We first considered our “subject matter jurisdiction” over the appeal, recognizing that “federal courts have jurisdiction to hear actions brought to recover benefits under an ERISA plan.” Id. Ultimately, we held that the district court did have subject matter jurisdiction over the appeal because the defendant’s long-term disability plan was an ERISA plan, not a “church plan.” Id. at 654. At no time did the parties raise — or this court analyze — the issue of whether we had jurisdiction over the district court’s remand order.
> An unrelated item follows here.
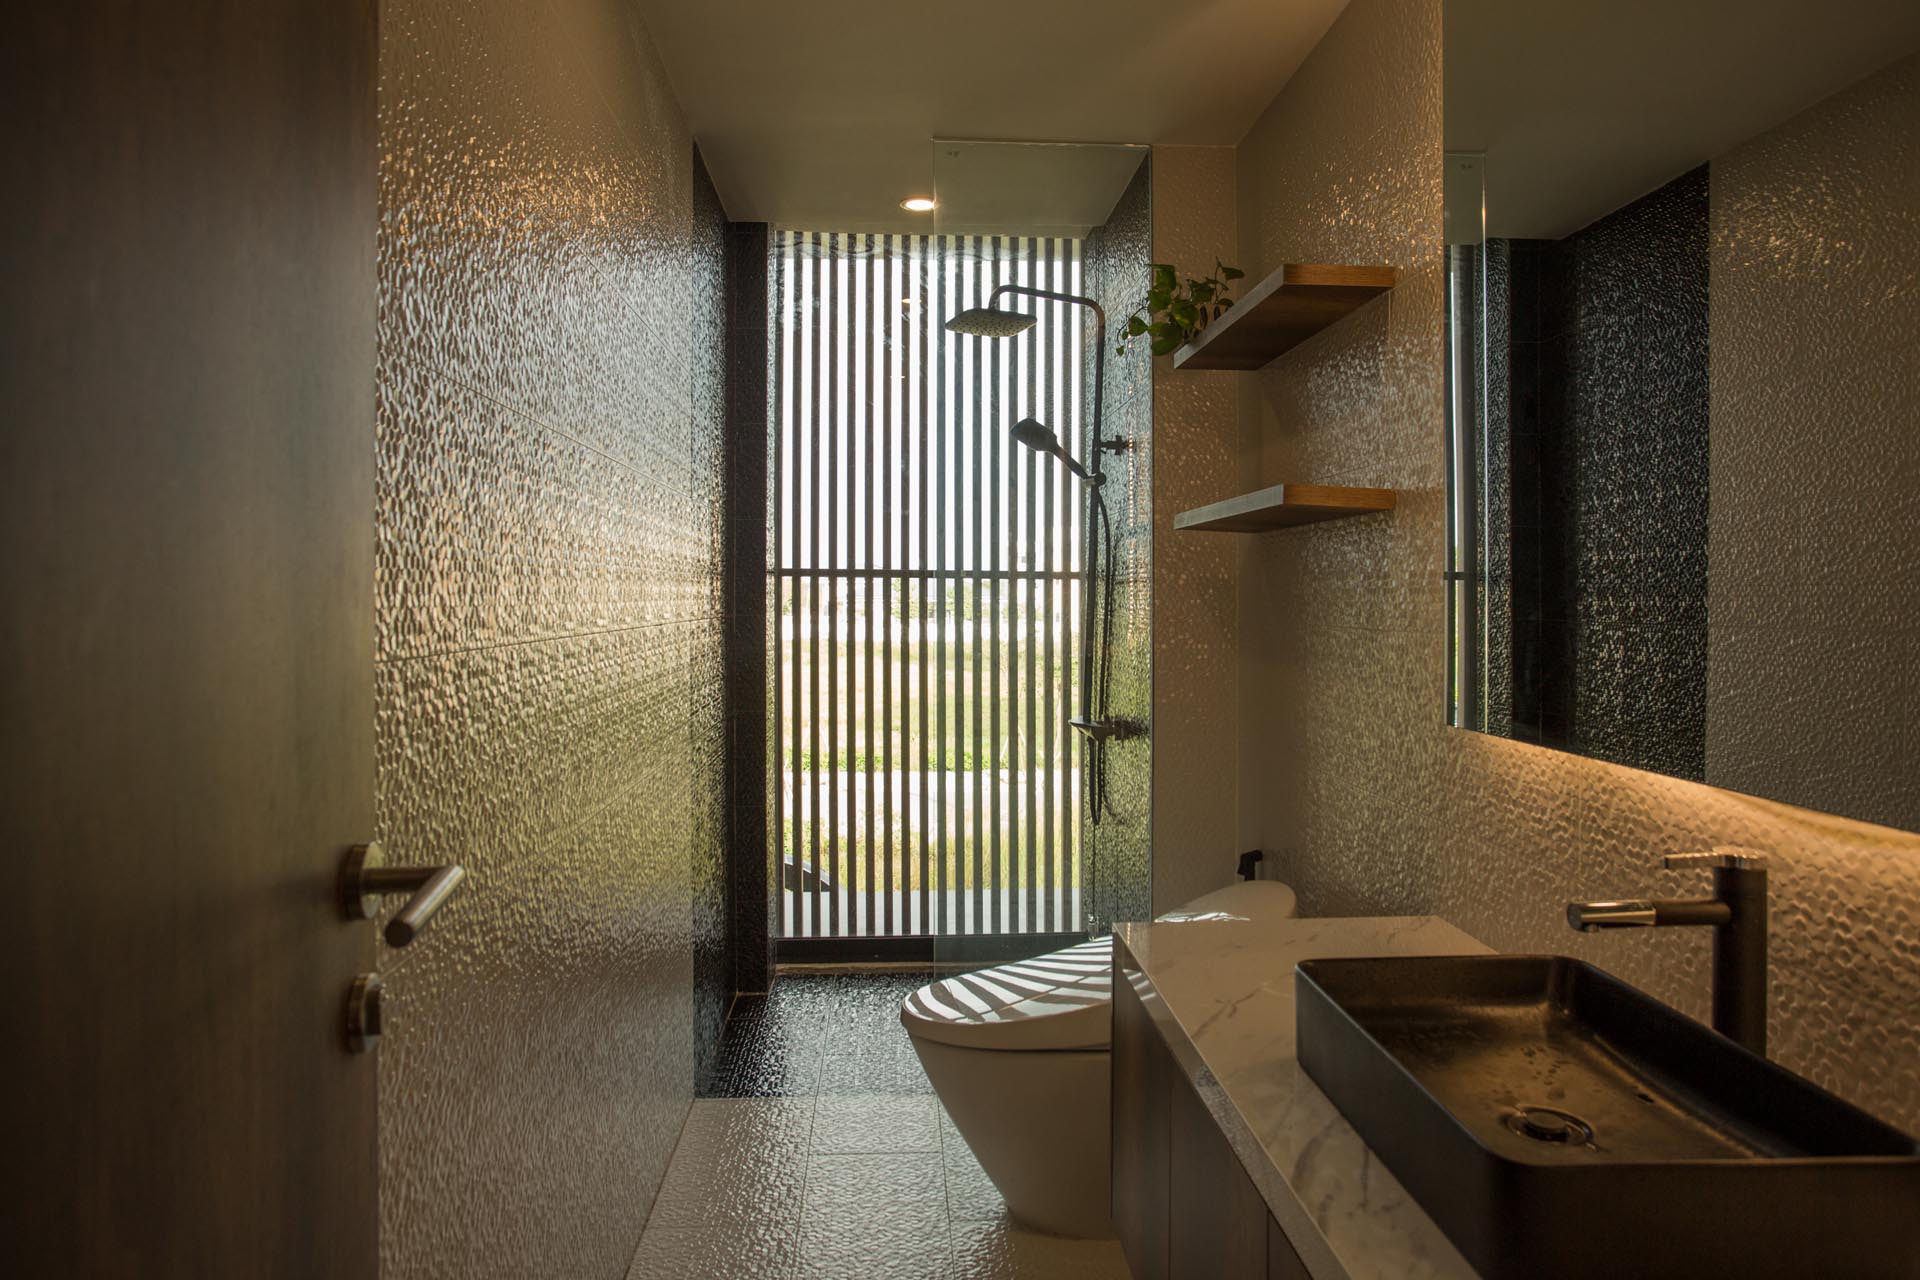 В современной ванной комнате стены и пол покрыты фактурной плиткой, а душевая кабина расположена у окна, откуда открывается вид на улицу.

Here, the district court’s remand was not a final order under § 1291 for a number of reasons. First, as in
Bomtrager,
although the district court never stated that it was retaining jurisdiction over the case, and the docket entry includes the phrase “terminating case,” the judgment was not “final” because it did not end the litigation on the merits. In fact, although the district court concluded that the proper standard of review was “abuse of discretion,” it never affirmatively held that Liberty abused its discretion in denying benefits. Instead, it remanded the case “for further proceedings consistent with this opinion.” Thus, as in
Bomtrager,
“there is lacking here the requisite clear and unequivocal manifestation by the trial court that its order is the end of the case.”
Second, as we stressed in Bomtrager, the collateral order doctrine is a “narrow exception” and, although there may be “factors unique to the world of administrative law” that may warrant a less restrictive application of the final judgment rule, id. at 1092, such is not the case here, as this was not a remand to a federal agency.
Third, the issue of what Liberty must consider on remand in reviewing Gerhardt’s claim and the ultimate decision on whether Gerhardt is eligible for longterm disability benefits is “integral to the merits” of Gerhardt’s claim, just as in Bomtrager.
Fourth, neither the parties nor the district court adequately described the procedural posture of the case at the time of the remand order.
See Graham,
Fifth, we reject the argument that the district court’s remand order was final because the district court entered a judgment pursuant to Federal Rule of Civil Procedure 58 and the docket entry that was administratively entered remanding the case to Liberty included the entry “terminating case.” “[W]hen we question the finality of a district court’s decision to remand a benefits determination to the plan administrator, we analyze the substance of the district court’s decision, not its label or form.”
Id.
at 1161 (internal quotations and citation omitted). “Other courts similarly have disregarded the administrative entries regarding the status of an ERISA case when it is clear that the last district court decision was not a final judgment.”
Id.
(citing
Petralia,
Finally, although Liberty is correct that
Chronister
was also an appeal from a remand order, jurisdiction pursuant to § 1291 was never at issue in
Chronister.
III. Conclusion
Accordingly, we dismiss the appeal for lack of jurisdiction.